Assignment:
The listing below holds a line with "Maillot de foot" and a line with "徐锦江当年饰演的「雷豹」竟然离奇变成女角色，由内地女星魏璐饰演。". Reproduce those two lines exactly, plus everything between them.

Given information:
● ● ●

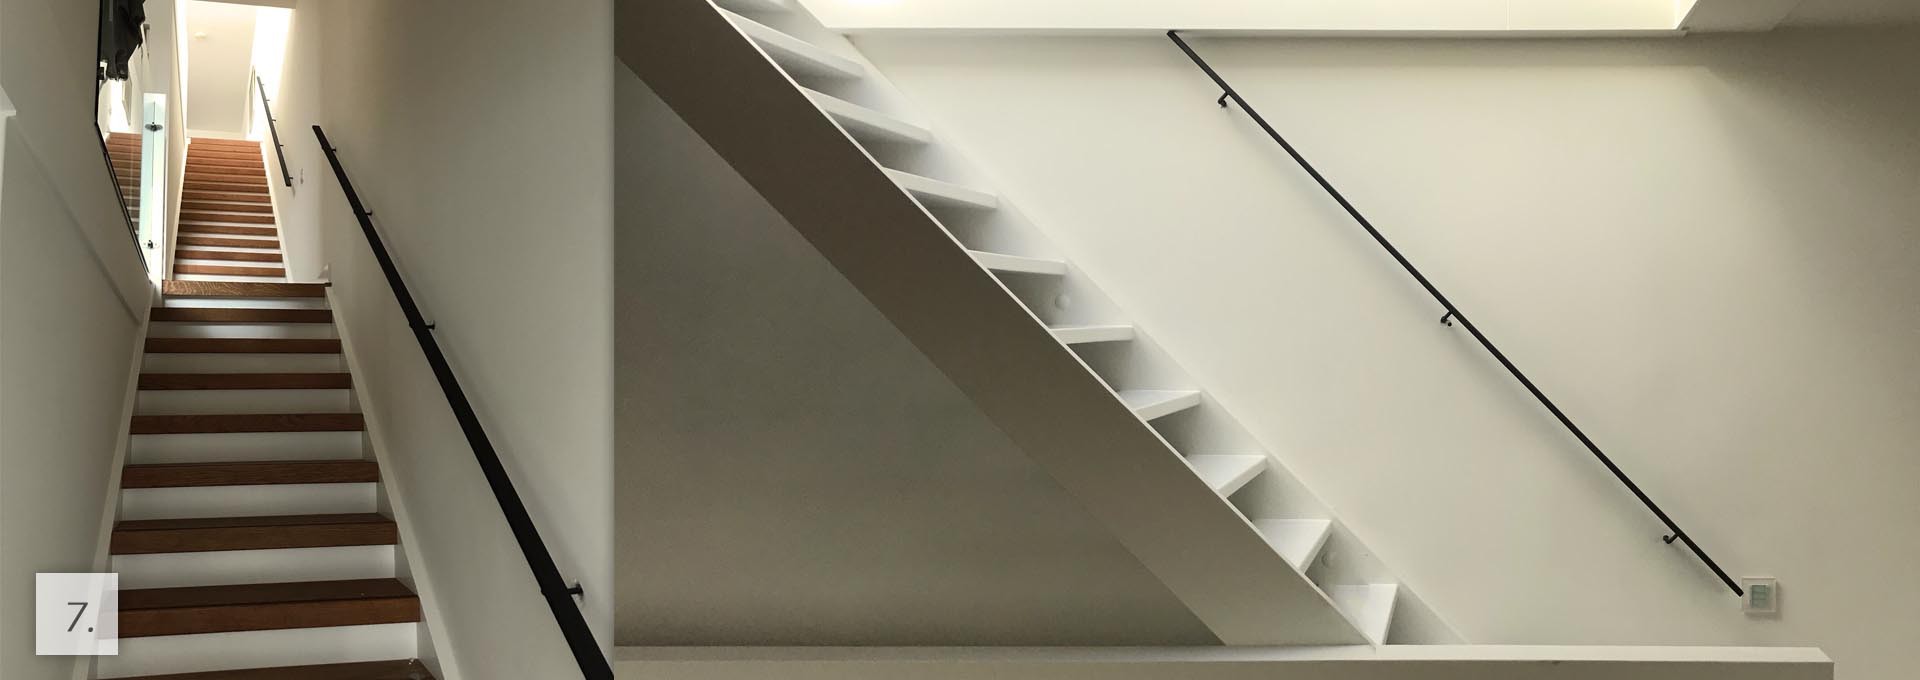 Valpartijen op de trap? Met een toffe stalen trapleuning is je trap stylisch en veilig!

● ● ●

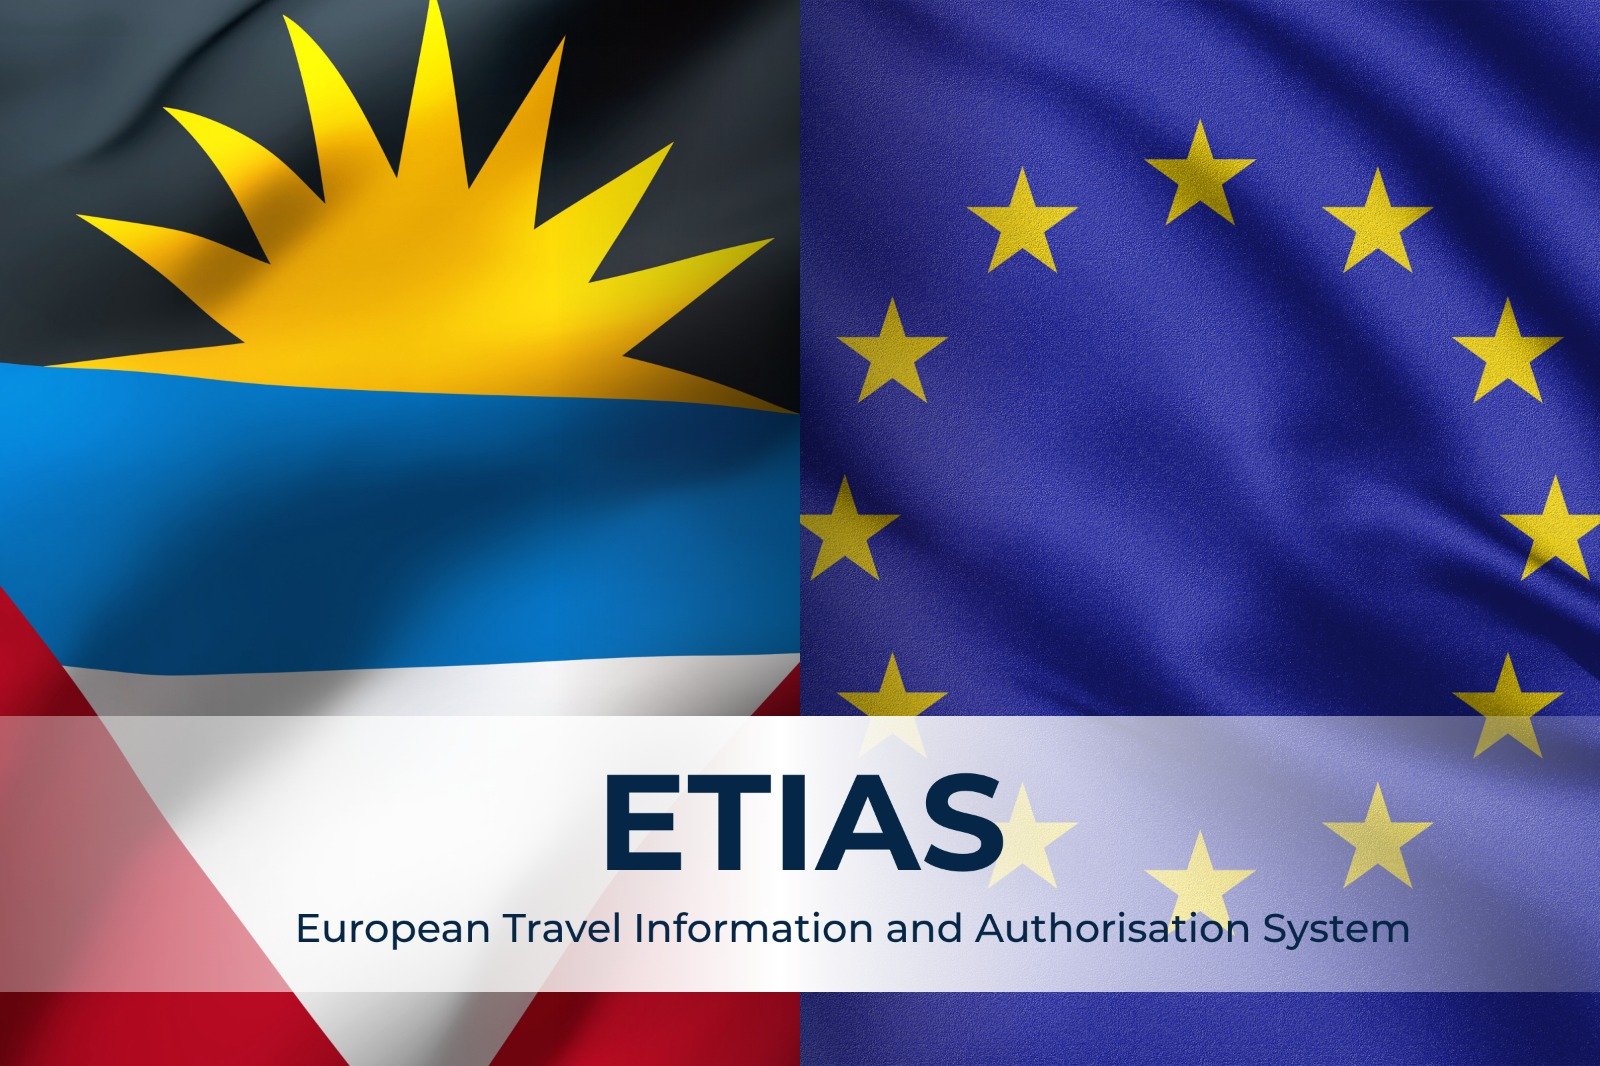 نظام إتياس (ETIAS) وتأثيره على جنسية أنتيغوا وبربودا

● ● ●

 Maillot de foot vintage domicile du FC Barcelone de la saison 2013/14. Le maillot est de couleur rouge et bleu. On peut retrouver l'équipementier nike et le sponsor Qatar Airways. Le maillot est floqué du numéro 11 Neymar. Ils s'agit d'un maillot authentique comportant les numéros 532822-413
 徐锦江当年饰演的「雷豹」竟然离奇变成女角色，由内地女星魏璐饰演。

● ● ●

Solution to the problem:
 Maillot de foot vintage domicile du FC Barcelone de la saison 2013/14. Le maillot est de couleur rouge et bleu. On peut retrouver l'équipementier nike et le sponsor Qatar Airways. Le maillot est floqué du numéro 11 Neymar. Ils s'agit d'un maillot authentique comportant les numéros 532822-413
 徐锦江当年饰演的「雷豹」竟然离奇变成女角色，由内地女星魏璐饰演。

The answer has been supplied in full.